Category: Sally Face (Video Games)
Genre: A little bit of both?, Angst and Hurt/Comfort, Body Horror, Canon Compliant, Canon-Typical Blood & Gore, Canon-Typical Violence, Dimension Travel, Eventual Happy Ending, Fix-It of Sorts, Gen, Grief/Mourning, M/M, Post-Canon, Temporary Character Death, Time Travel, i'm a writer of simple needs, one of those needs is these characters getting a happy ending, this makes it all seem a lot worse than i plan it to be
Language: English
Status: In-Progress
Published: 2019-12-16
Updated: 2019-12-16
Packaged: 2021-02-26 07:35:56
Rating: Teen And Up Audiences
Warnings: Major Character Death
Chapters: 1
Words: 3,099
Publisher: archiveofourown.org
Story URL: https://archiveofourown.org/works/21819805
Author URL: https://archiveofourown.org/users/Werepirechick/pseuds/Werepirechick
Summary: Ash is silent for a long moment, staring at her glowing arm.“You found a what?” she asks it.“I’m not entirely sure, actually?”Sal replies.“The Voices said it’s like,time,basically? They didn’t explain it very well, but I think that bit is true.”“You’re talking to voices?”“Not that kind. I. I think?”--Or--There might still be a way to claim their happy ending after all.
Relationships: Ashley Campbell & Sal Fisher & Larry Johnson & Todd Morrison, Sal Fisher & Travis Phelps, Todd Morrison/Neil
Comments: 12
Kudos: 58





	And I would give all this and heaven too...

**Author's Note:**

> i actually really enjoyed the final game installment! for an indie game it really went all out at the end, and i genuinely applaud portable moose for its creation.
> 
> i just also wanna give these guys a happy ending. because i have the inspo and the ability.
> 
> specific tw for this first chpt is brief suicidal conversation.

“ _Alright, so… not to sound ungrateful or anything.
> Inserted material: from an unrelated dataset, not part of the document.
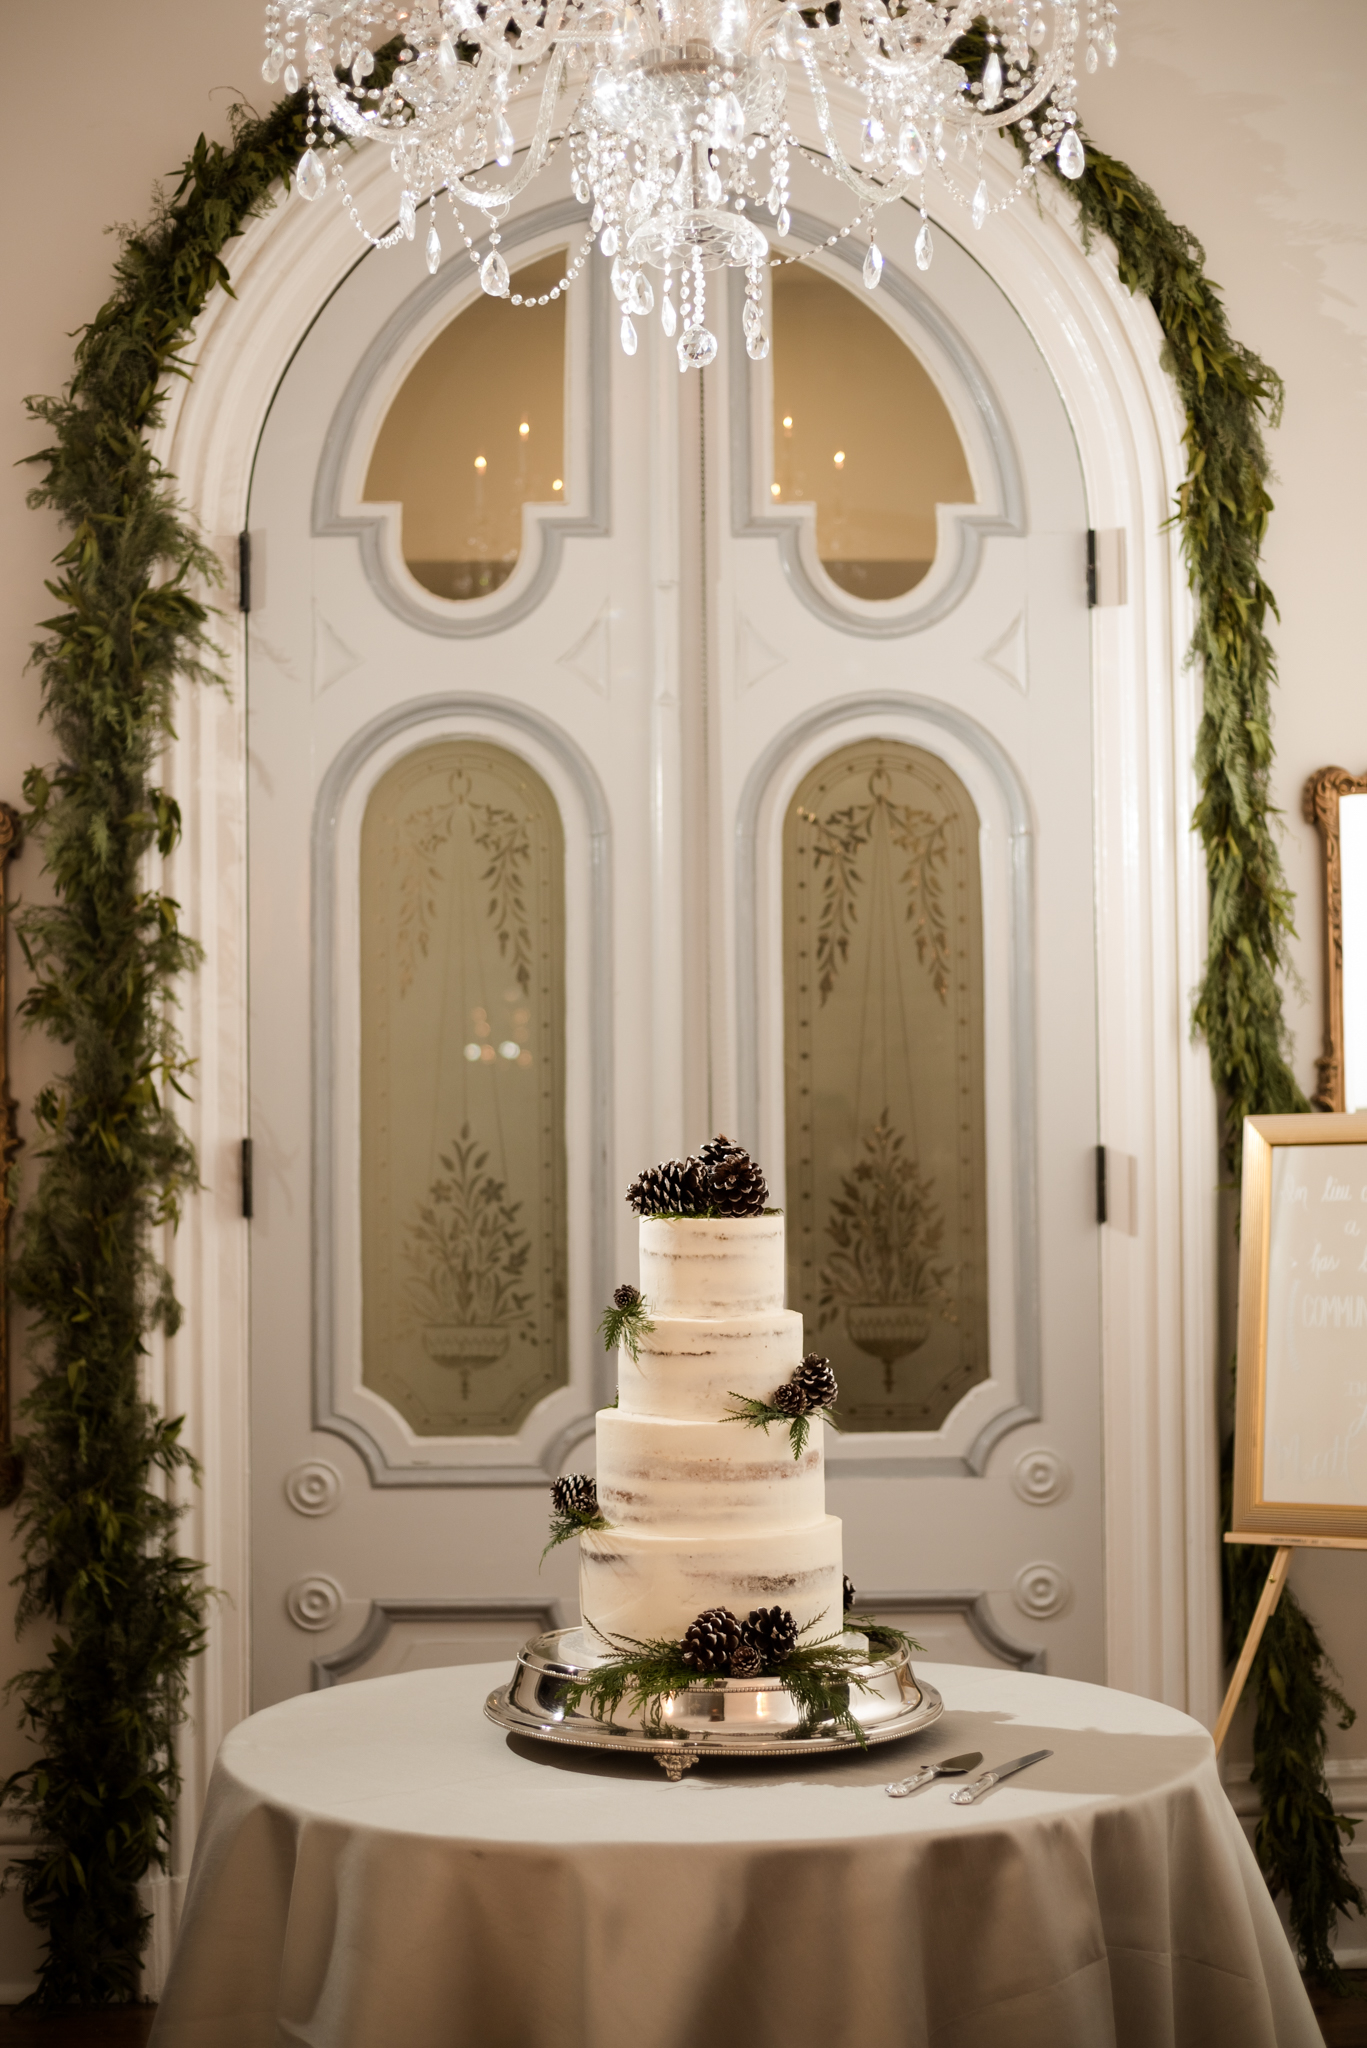 merrimon-wynne-wedding-photography-040.jpg

But this sucks.”_

“You’re telling me. I’ve got a- a _you_ in my arm, and everyone we care about is...”

“ _Sorry.”_

“Not your fault fate is bullshit.”

The blue glow of Ash’s veined arm pulses faintly, flickering with Sal’s presence. Ash can feel his power feeding into her body from it, through her heart and everything else. Even if she’s become more accustomed to the shared flow of energy, Ash still feels like shivering sometimes. It’s such a weird sensation.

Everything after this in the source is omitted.